*** Opening of THE DATA ***
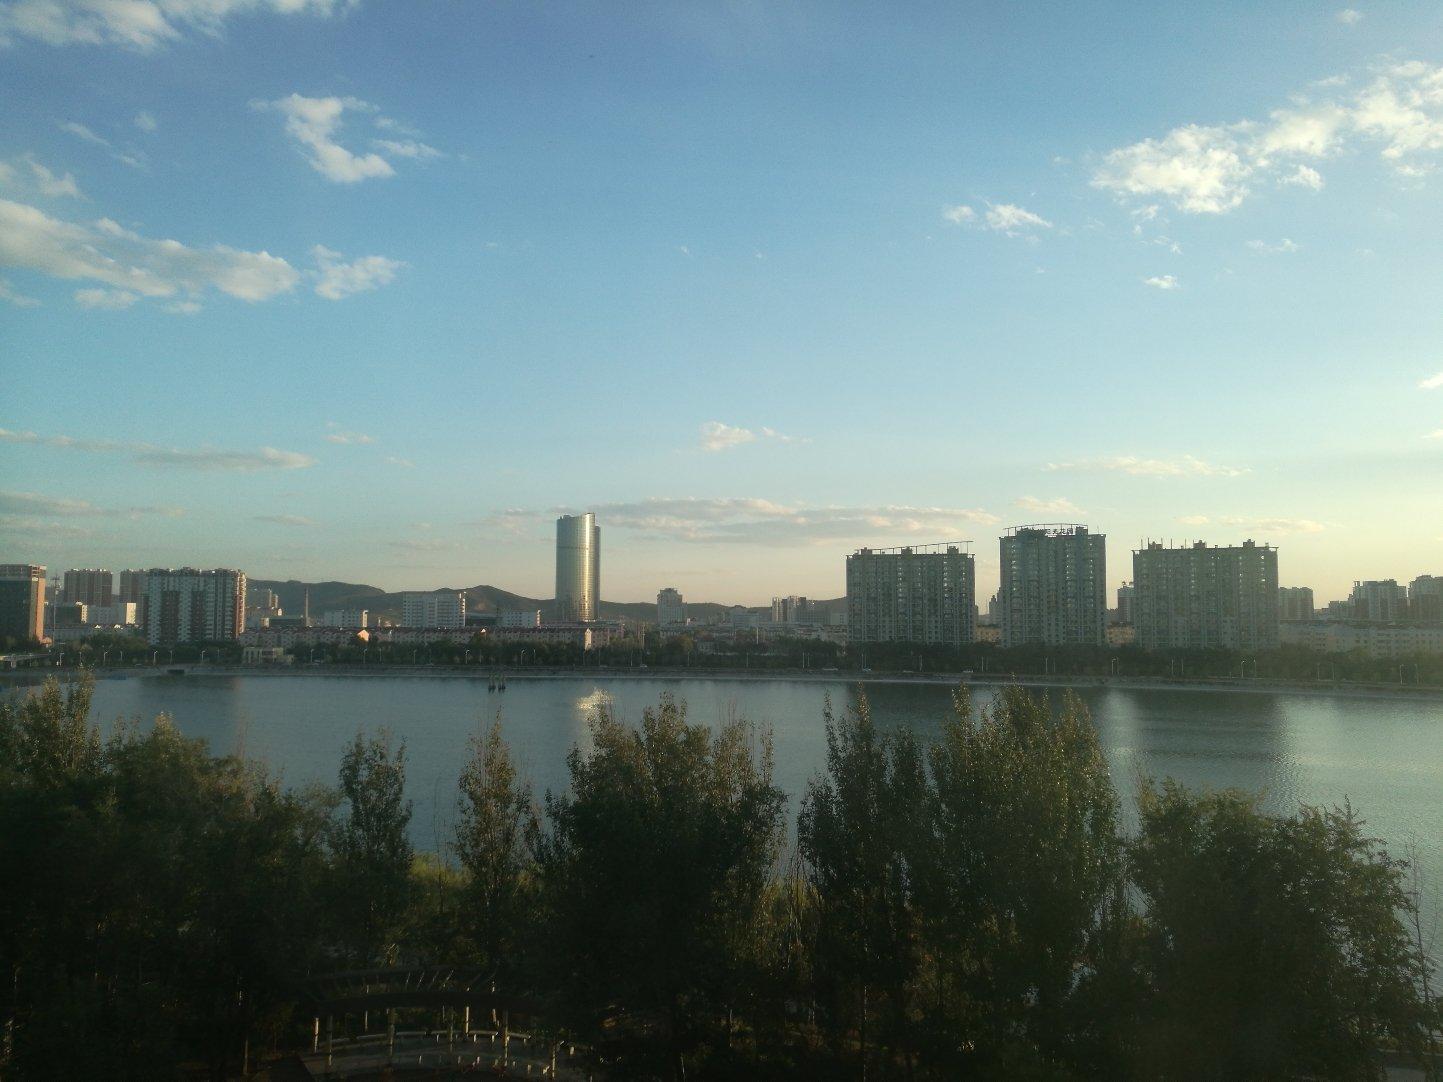 辽宁省锦州市古塔区成都街23-21号靠近万通公寓天气预报
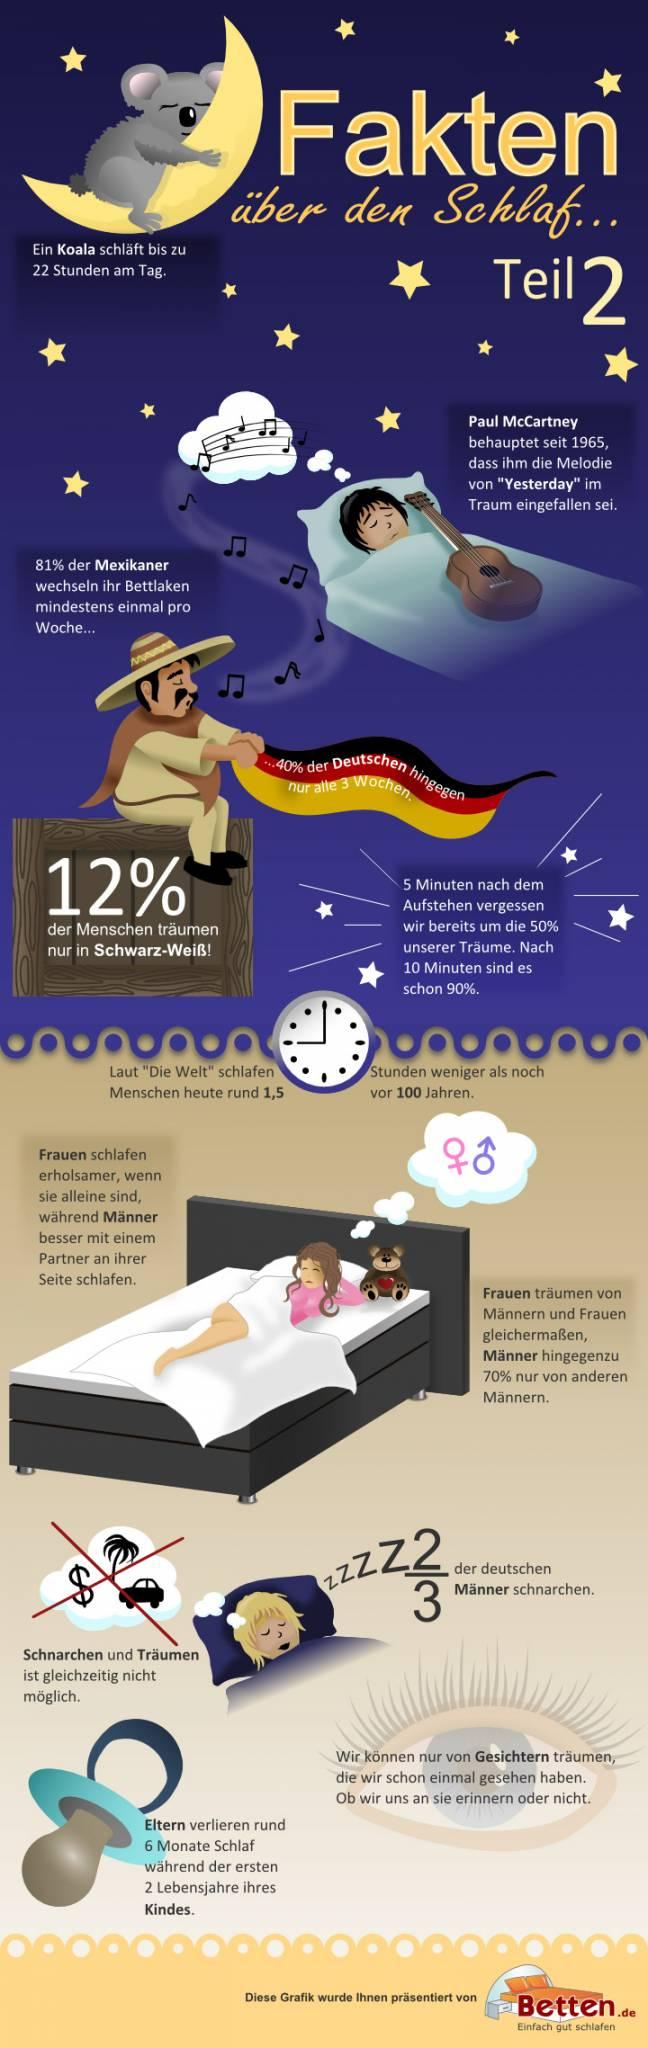 Fakten über den Schlaf - Infografik von Betten.de
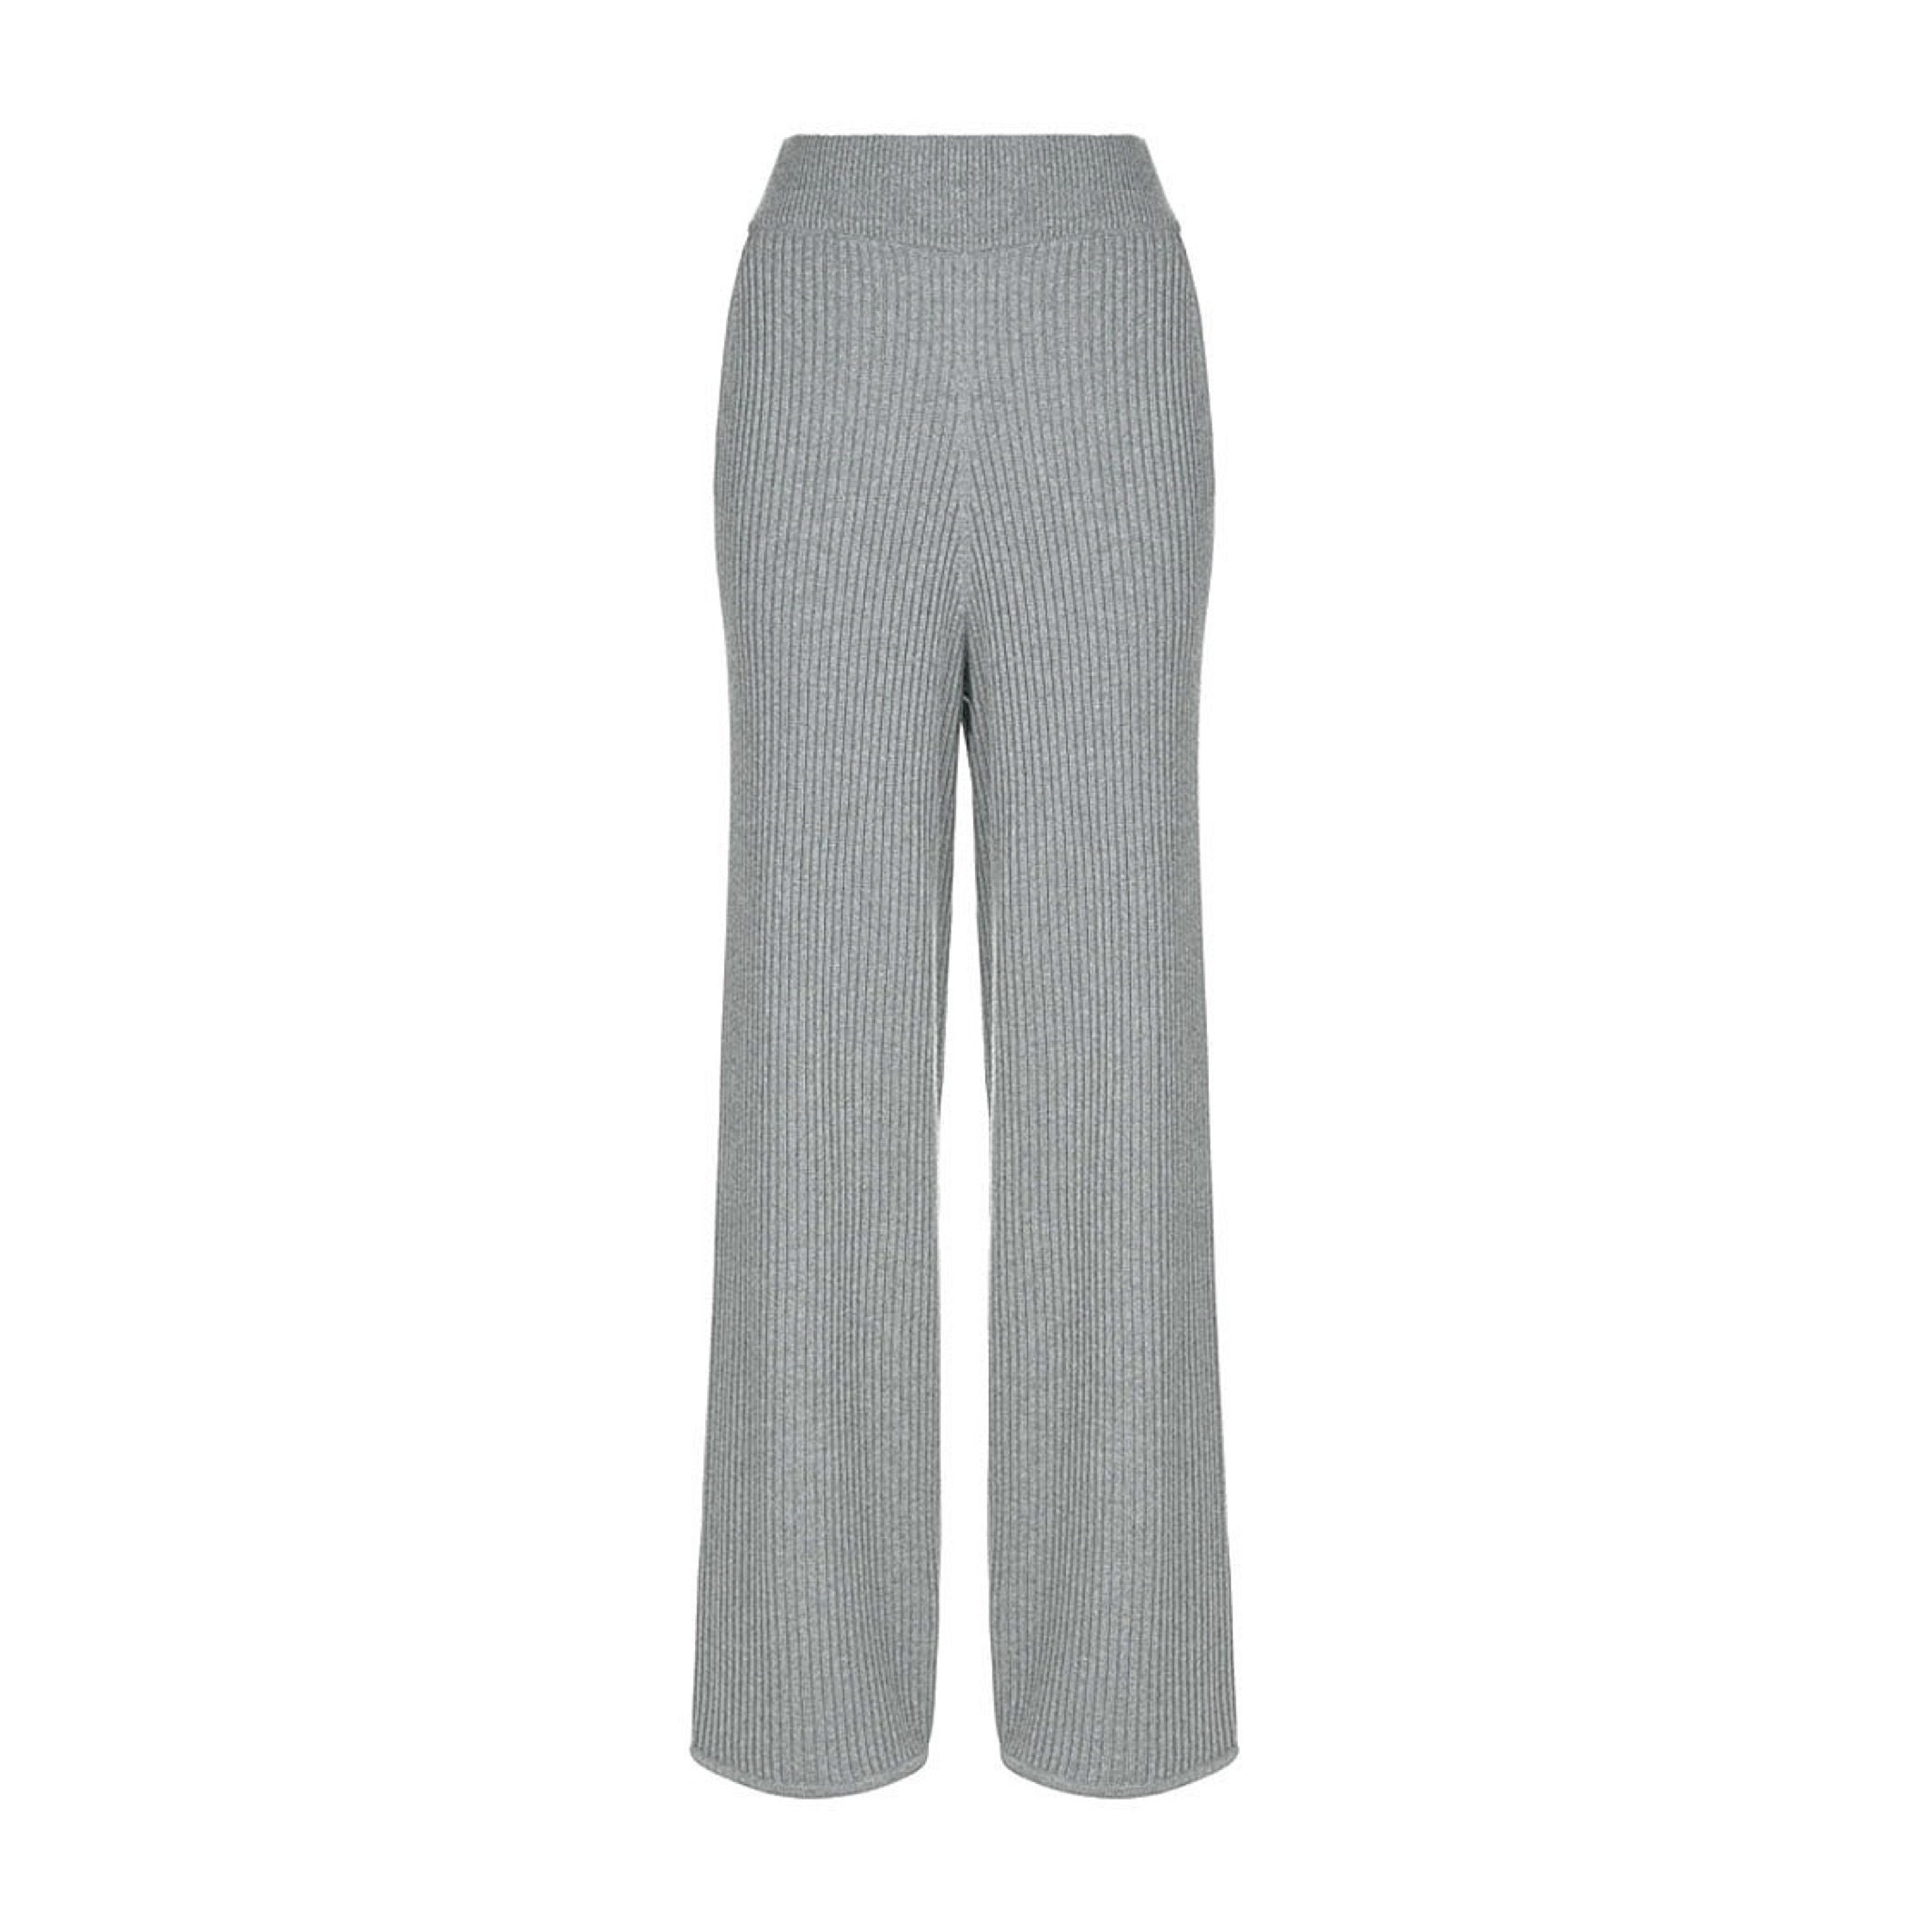 SWEATY BETTY - Miso Trousers
*** Close of THE DATA ***
● **WHAT IS NEEDED**:
Only the lines from the one containing "Fakten über den" through the final line of the listing should be reproduced, exactly and with no pictures.

● **FINAL ANSWER**:
 Fakten über den Schlaf - Infografik von Betten.de
 SWEATY BETTY - Miso Trousers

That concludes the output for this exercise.